Pensavo a questa cosa in un certo frangente dell’ultimo weekend, trascorso a salutare il mio vecchio in quel di Loreto Aprutino, Abruzzo, paese che ebbe per patrono e ospite a castello nientemeno che il Dottor san Tommaso d’Aquino. E dove nacque ed ebbe dimora la mamma di san Camillo de Lellis. Lo pensavo durante l’episodio culminante della festa più sentita dell’anno, allorché un bue della stazza di dieci quintali, cavalcato da una bambina vestita di pizzo bianco e munita di un vezzoso ombrellino, viene condotto da una coppia di contadini presso la chiesa madre di San Pietro e qui viene fatto genuflettere in devozione alla reliquia del martire san Zopito. Poco importa – anzi, proprio qui sta il bello – che fede e leggenda si mescolino con i riti propiziatori al Dio dei campi e delle messi, qualcuno sussurra, quando Dio aveva nomi che non erano omen ma avevano piuttosto la pregnanza iperbolica di qualità e caratteristiche della vita umana ipostatizzate e sacralizzate dalla immaginazione pagana.
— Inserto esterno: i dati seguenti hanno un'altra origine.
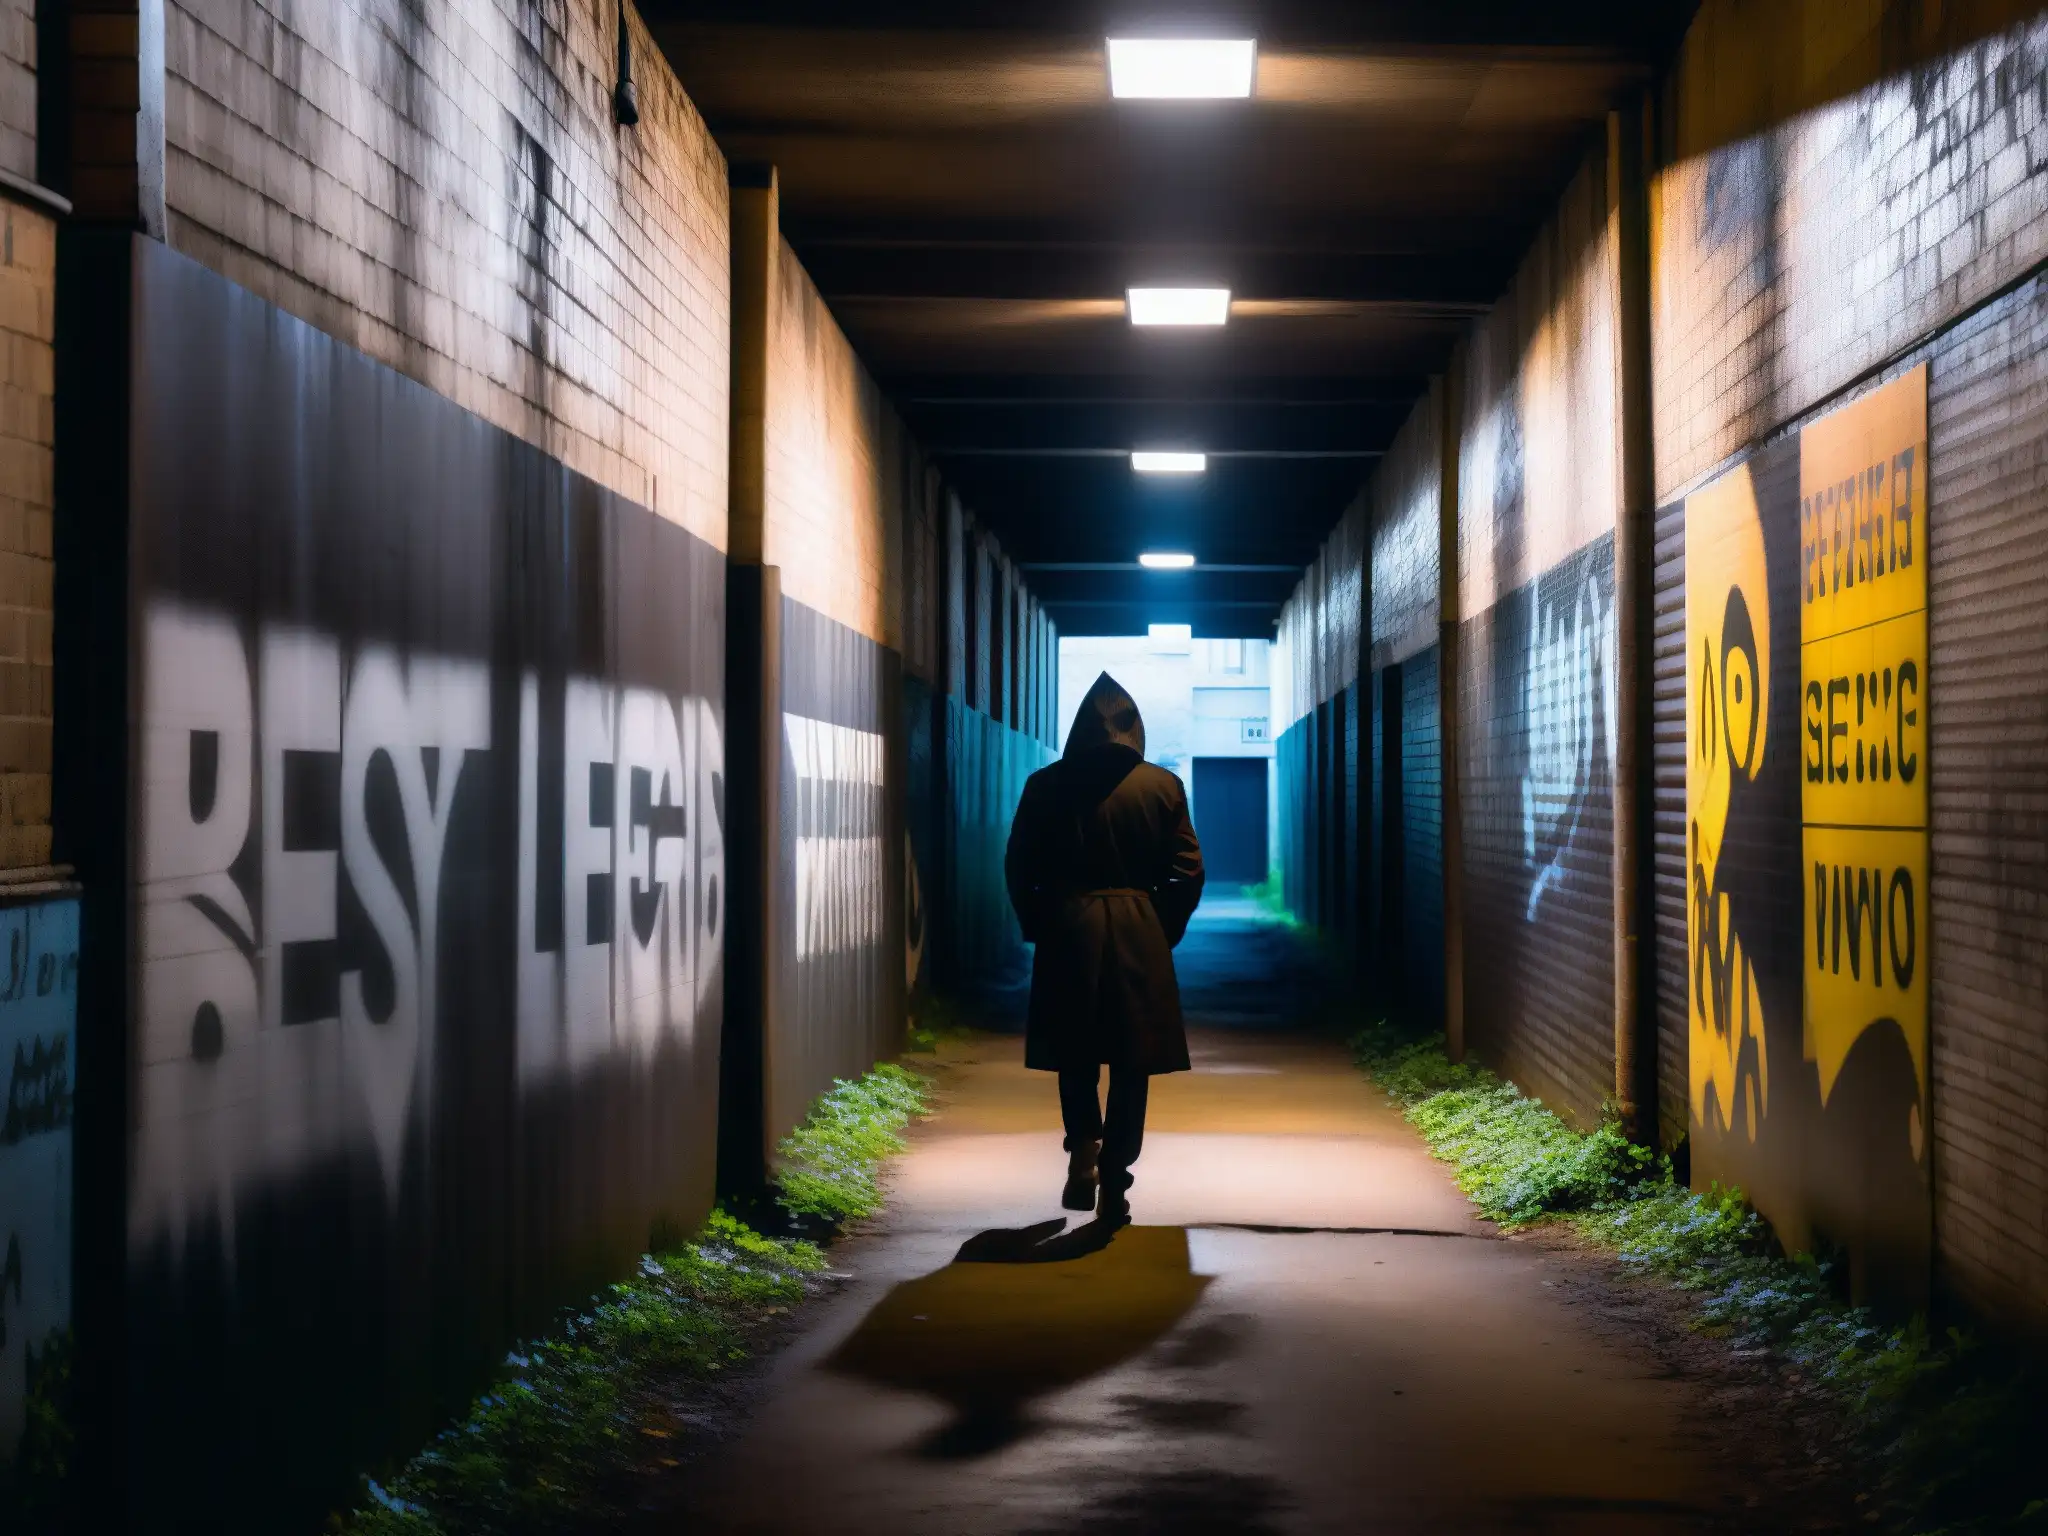 La oscuridad del callejón con grafitis crea un ambiente inquietante y misterioso, con una figura solitaria al fondo

Fatto sta che, fino a qualche decennio fa, prima che il gusto del secolo non scadesse nella sentimentale e perciò rachitica divinizzazione di madre natura fatta per escludere Dio dall’orizzonte, il bue entrava in chiesa, si inginocchiava e, talvolta, nella standing ovation del popolo che ci vedeva un segno di buon auspicio per i raccolti, il bue vi depositava il suo ricco escremento. In altre parole, defecava alla grande in un luogo sacro.

Forza Italia, in un certo senso
Già, ma cos’è sacro e cosa non lo è? Qui, alla festa di san Zopito, Dostoevskij troverebbe conferma del fratello dell’uomo «che lo nutre e lavora per lui, curvo e pensoso». Guardi il suo muso e capisci l’esclamazione del russo: «Quanta benevolenza, e fiducia e bellezza nei suoi tratti!». E sì, «tutto è innocente, tranne l’uomo, e Cristo è con il bue prima ancora che con noi». Dopo di che ho pensato a quel naturalista ed ecologista ante litteram che è il famoso professor Vittadini, patron della Fondazione per la Sussidiarietà. Un amico che certamente apprezzerebbe questa festa di iniziazione alla fraternità di tutti – ma proprio tutti – gli esseri della terra. Microrganismi che vivono negli escrementi compresi. Solo gli uomini completamente ottusi dall’indifferenza riescono a perdersi la festa della Creazione. Nel caso in questione, la leggenda narra che quando le reliquie furono traslate in Loreto dalla vicina Penne e il corteo dei fedeli si trovò a transitare per le campagne, vi fu un contadino che, appunto, venne sorpreso in atteggiamento di ottusa indifferenza. Voleva continuare ad arare e non avrebbe mai immaginato che il bue aggiogato si sarebbe inginocchiato in vece sua al passaggio delle spoglie del martire.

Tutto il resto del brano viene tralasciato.